In [12]:
import numpy as np
import pandas as pd
from dataclasses import dataclass
from probability import Generator, Dist

## Define features
Import the generator functions for the `normal`, `binomial`, and `uniform` distributions.

In [2]:
FEATURES = ['height', 'weight', 'bark_days', 'ear_head_ratio']

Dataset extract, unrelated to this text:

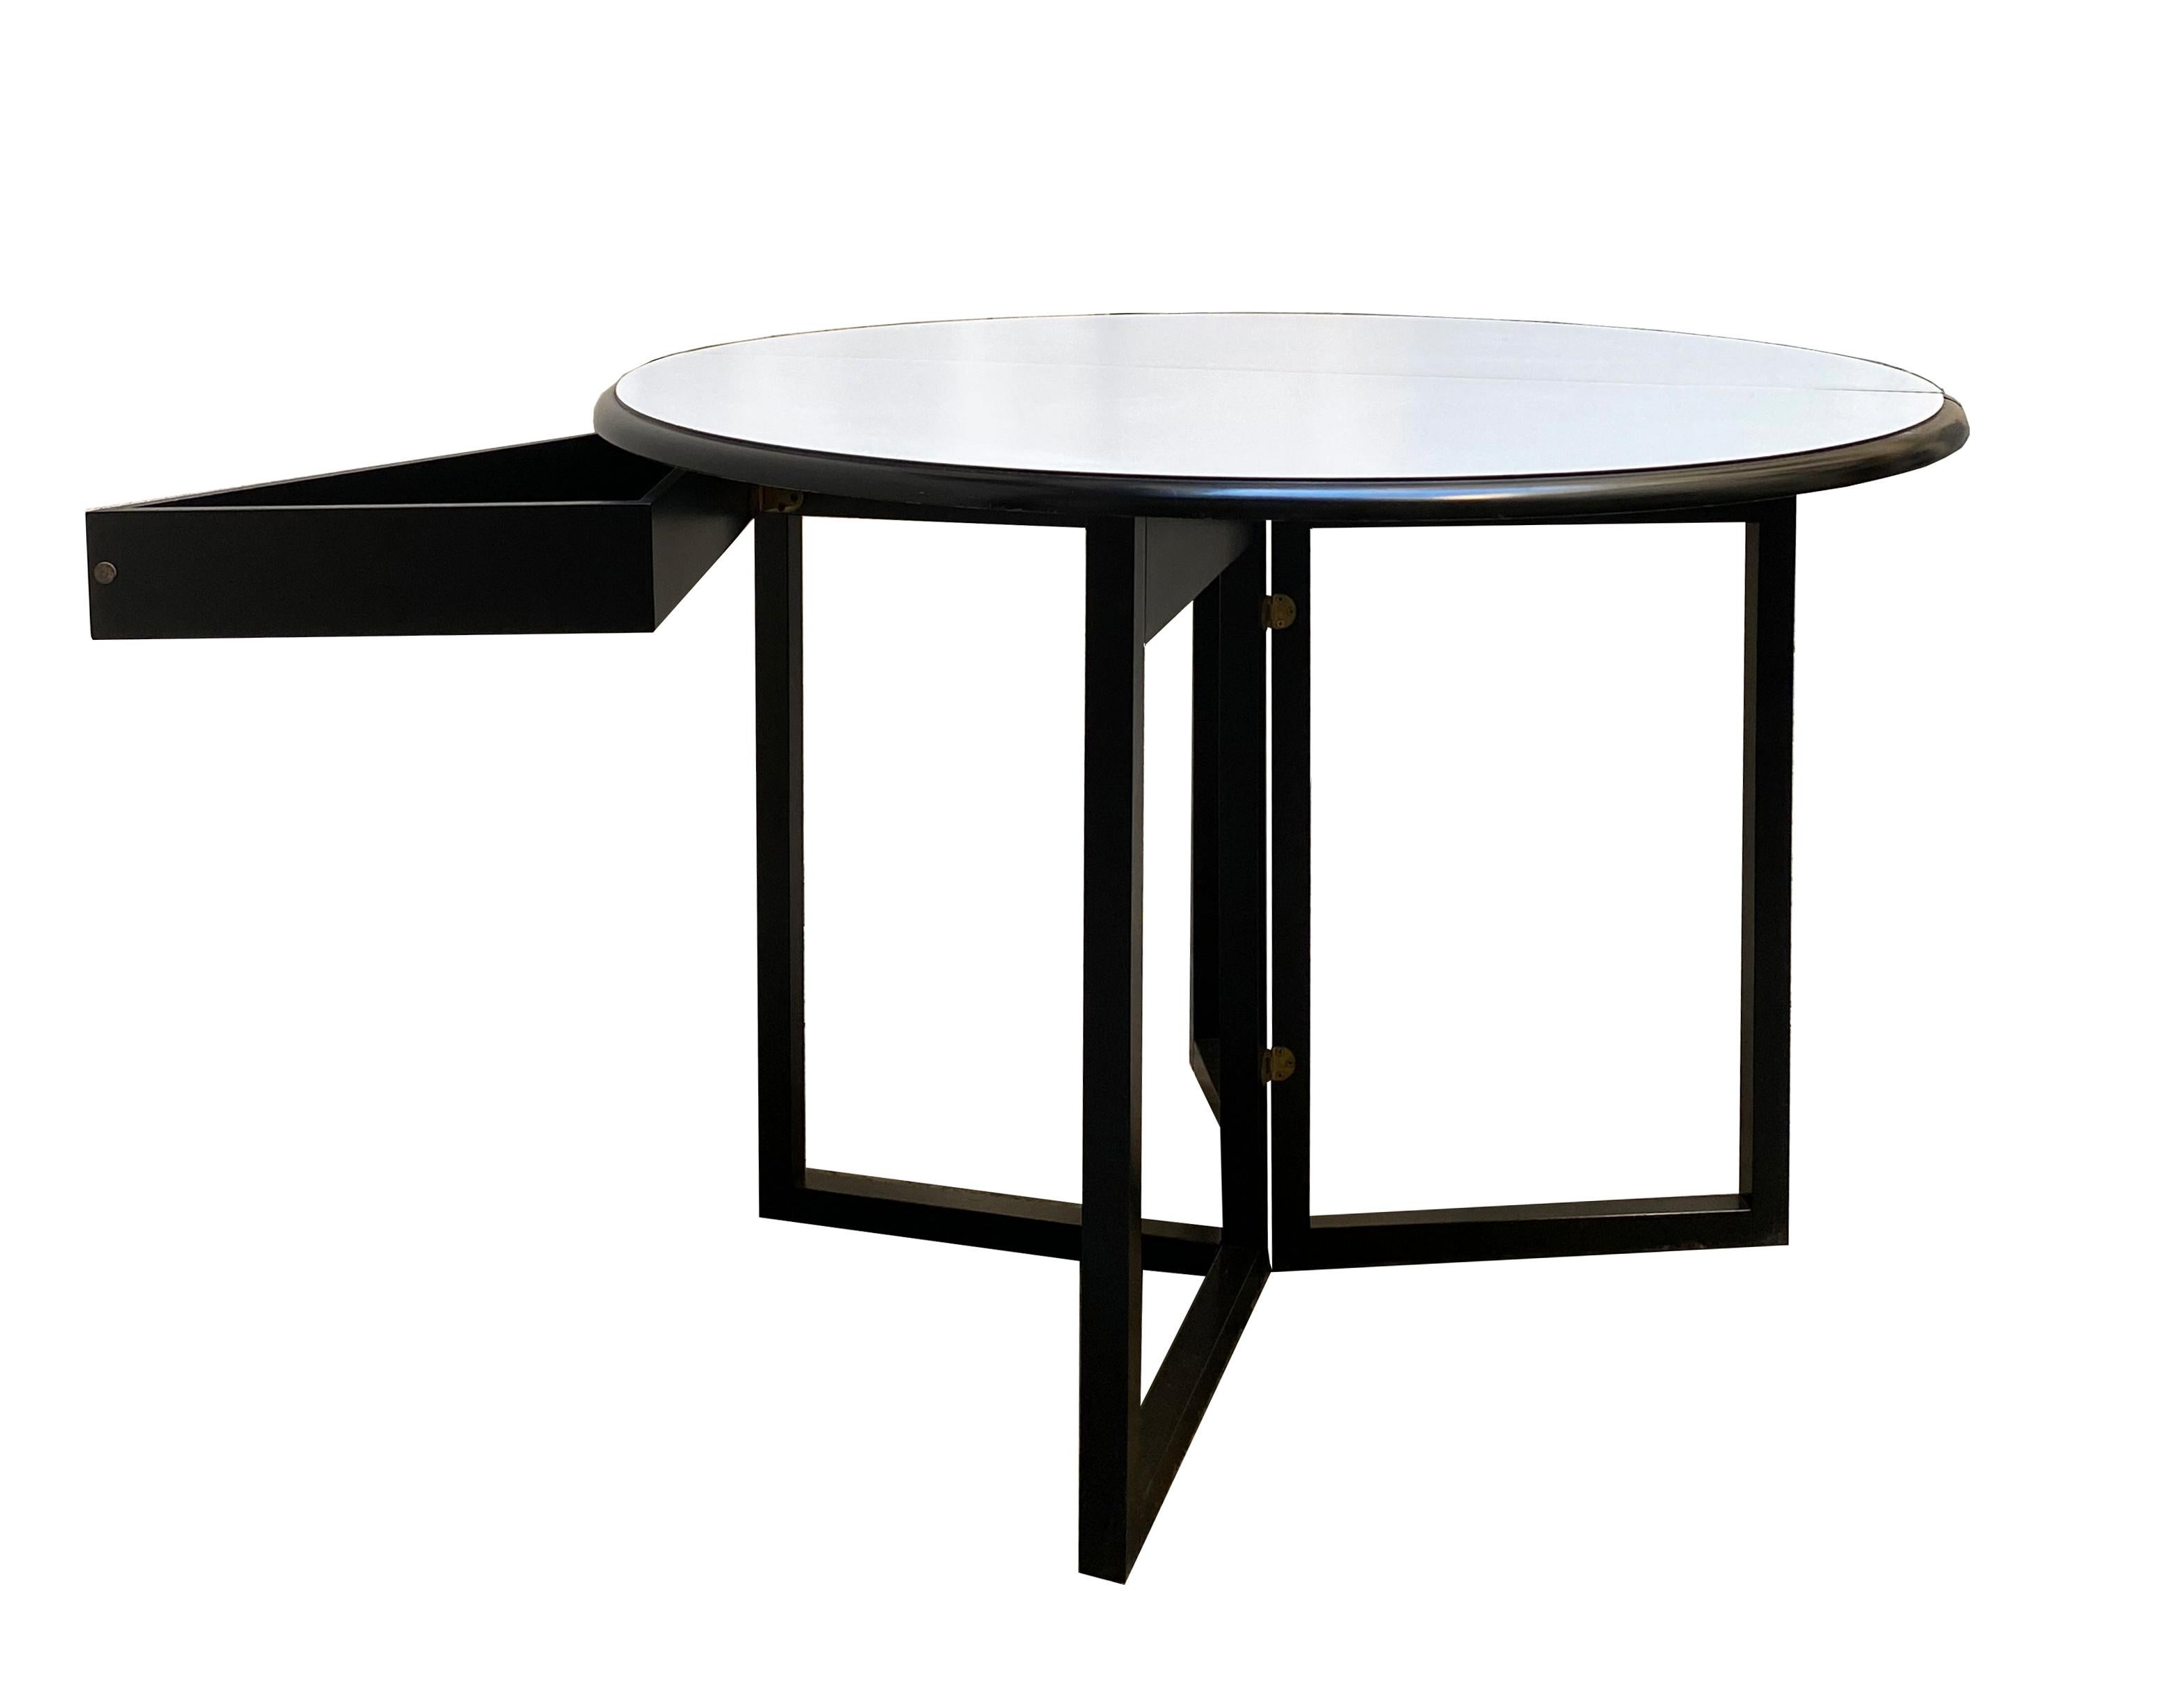 Late 20th Century Kazuide Takahama Style Lacquered Wood Folding Round Table, Italy 1970s For Sale
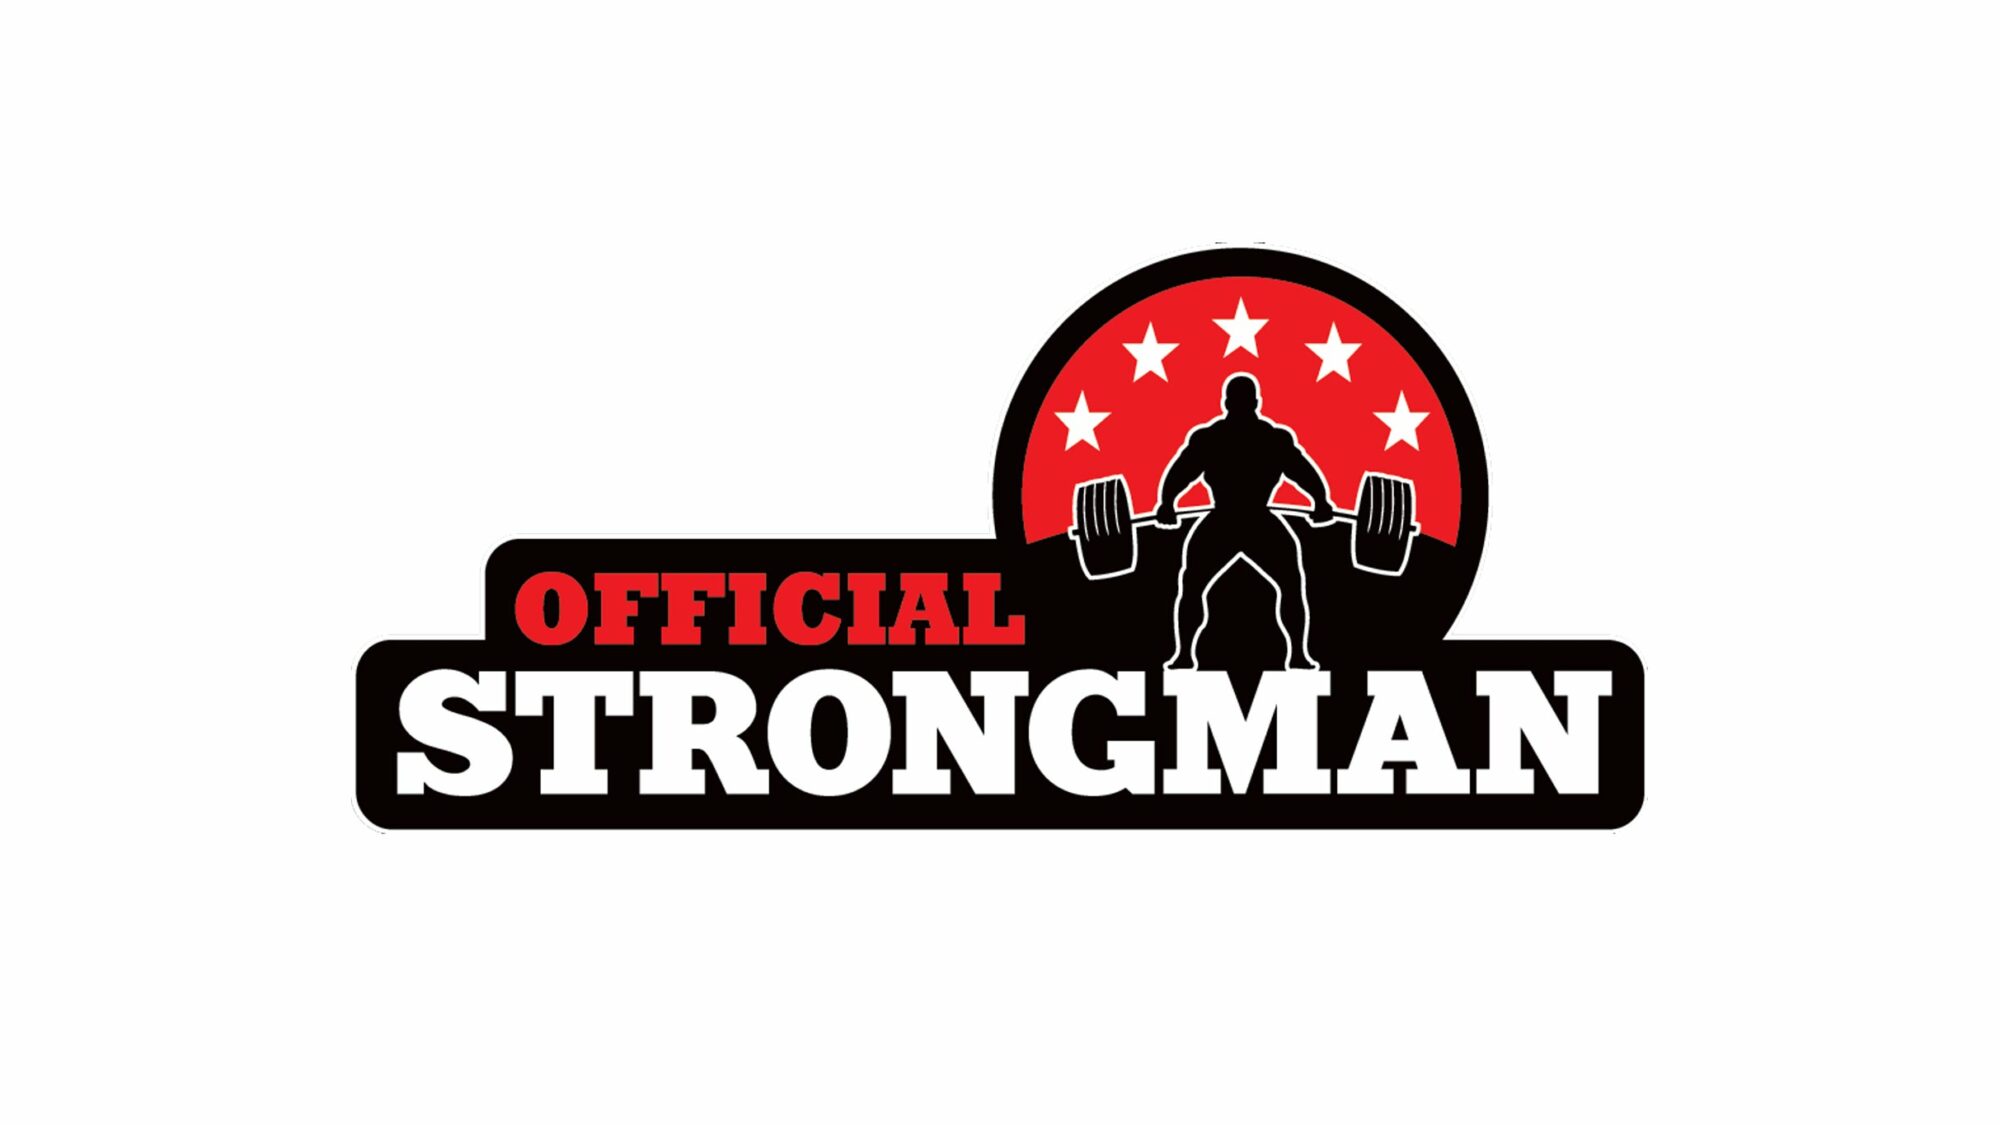 Image name Official Strongman European Championships Weekend Ticket at York Barbican York the 23 image from the post Events in Yorkshire.com.

Since the features follow different distributions and each one of these has different parameters, we will create a `dataclass` for each one so that we have an easy way of saving parameters.

```python
@dataclass
class my_data_class:
    my_var: str
        
foo = my_data_class(my_var="Hello World")
```

To access the information of `my_var` from `foo`, the syntax `foo.my_var` is used, which should be equal to "Hello World" in this example.

In [3]:
@dataclass
class params_gaussian:
    mu: float
    sigma: float

    def __repr__(self):
        return f"params_gaussian(mu={self.mu:.3f}, sigma={self.sigma:.3f})"
    
@dataclass
class params_binomial:
    n: int
    p: float

    def __repr__(self):
        return f"params_binomial(n={self.n}, p={self.p:.3f})"
    
@dataclass
class params_uniform:
    a: float
    b: float

    def __repr__(self):
        return f"params_uniform(a={self.a}, b={self.b})"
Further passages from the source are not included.